Scale of destruction 

The bushfires have razed more than 103,000 square kilometres of land — roughly the size of Nova Scotia — in recent months, particularly on the east coast.

The burned area in NSW state alone is more than five times larger than the whole expanse torched last year in Brazil, which saw major fires in the Amazon rainforest.

Combining the damage area from 2019 fires in California, Brazil and Indonesia still amounts to less than half the burned area in Australia.

The eastern states of Queensland, New South Wales and Victoria account for 84 per cent of that area, according to figures from their emergency fire services. The majority of fires have occurred in NSW state, blanketing Sydney, the continent's largest city, in smoke for much of December.
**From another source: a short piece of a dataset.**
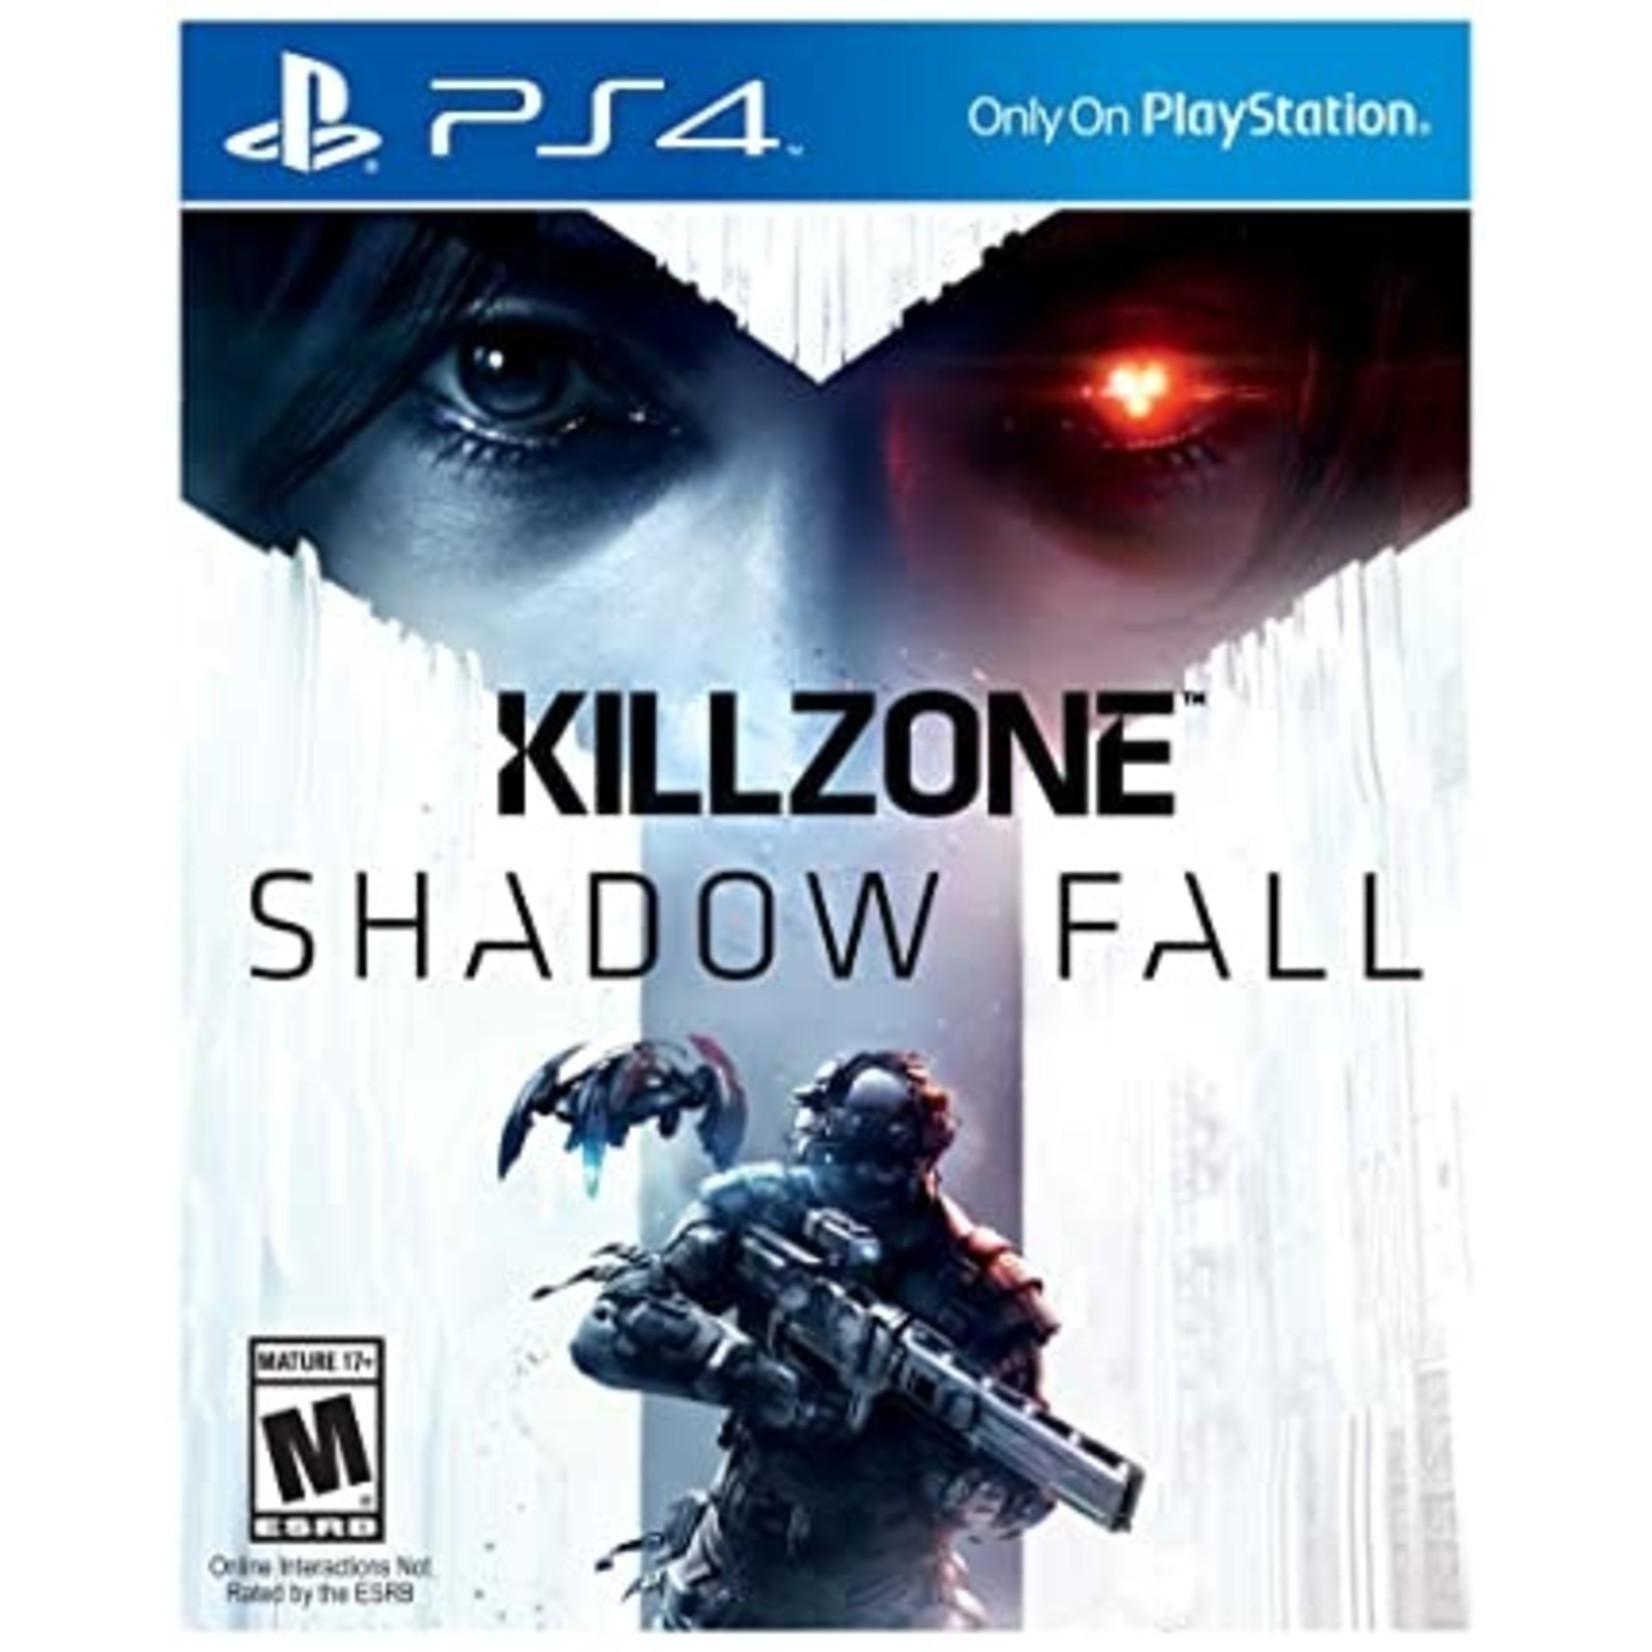 PS4-KILLZONE: SHADOW FALL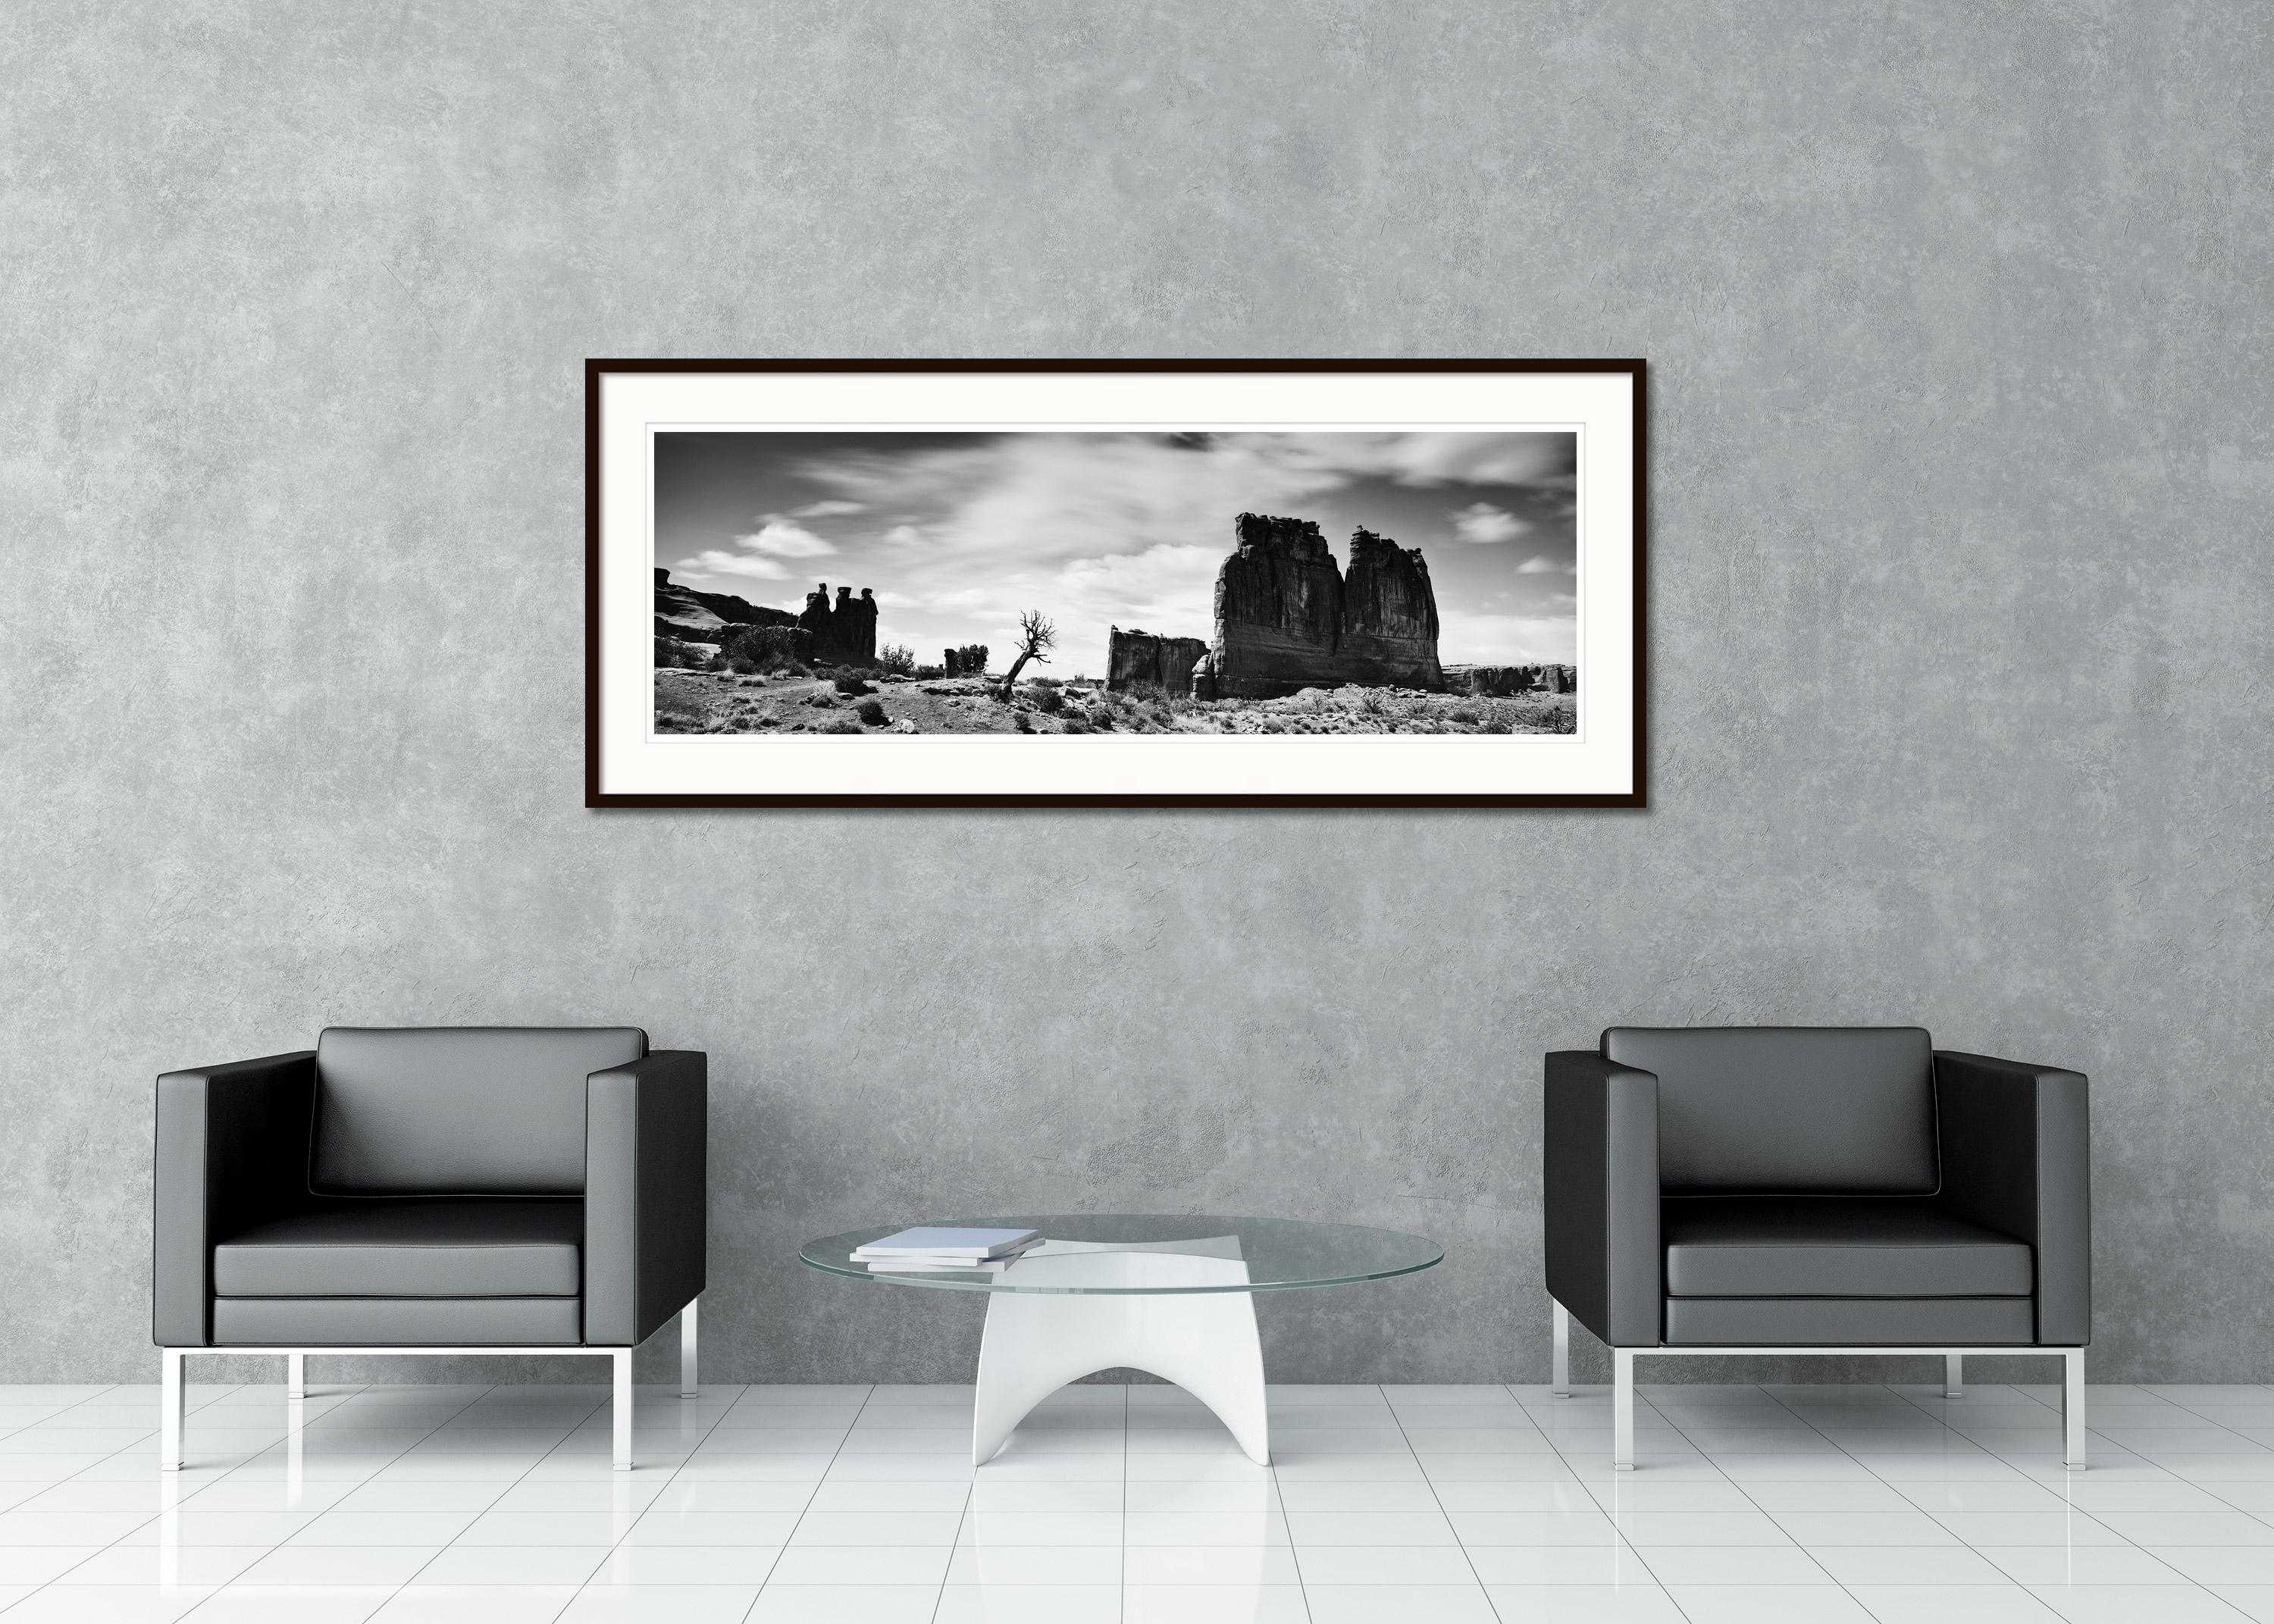 Schwarz-Weiß-Fotografie für Landschaftspanoramen - Wild West Panorama, Arches National Park, Utah, USA. Pigmenttintendruck, Auflage 7, signiert, betitelt, datiert und nummeriert vom Künstler. Mit Echtheitszertifikat. Bedruckt mit einem 4 cm breiten

Victoria state has seen the worst fires of the past week. Navy warships and military aircraft have been used to evacuate hundreds trapped along the coast, as national parks were decimated.

Further north in Queensland, bushfire season typically starts in August, earlier in the year than NSW and Victoria. Here, more sporadic, smaller fires have been noted, as opposed to the mega fires of NSW.

Australia's fires have differed from other catastrophic blazes around the world in 2019, as a selection of its forest species, such as eucalyptus, actually rely on fire to regenerate.

But in terms of pure size, they have dwarfed others.

There are currently eight active fires in NSW and Victoria bigger than the largest blaze on record in California, the U.S. state well known for its deadly wildfires.

Firefighters are making the most of a few days of cooler temperatures in the southeast to prepare for the return of heat and wind later this week expected to fan existing blazes and spark new ones.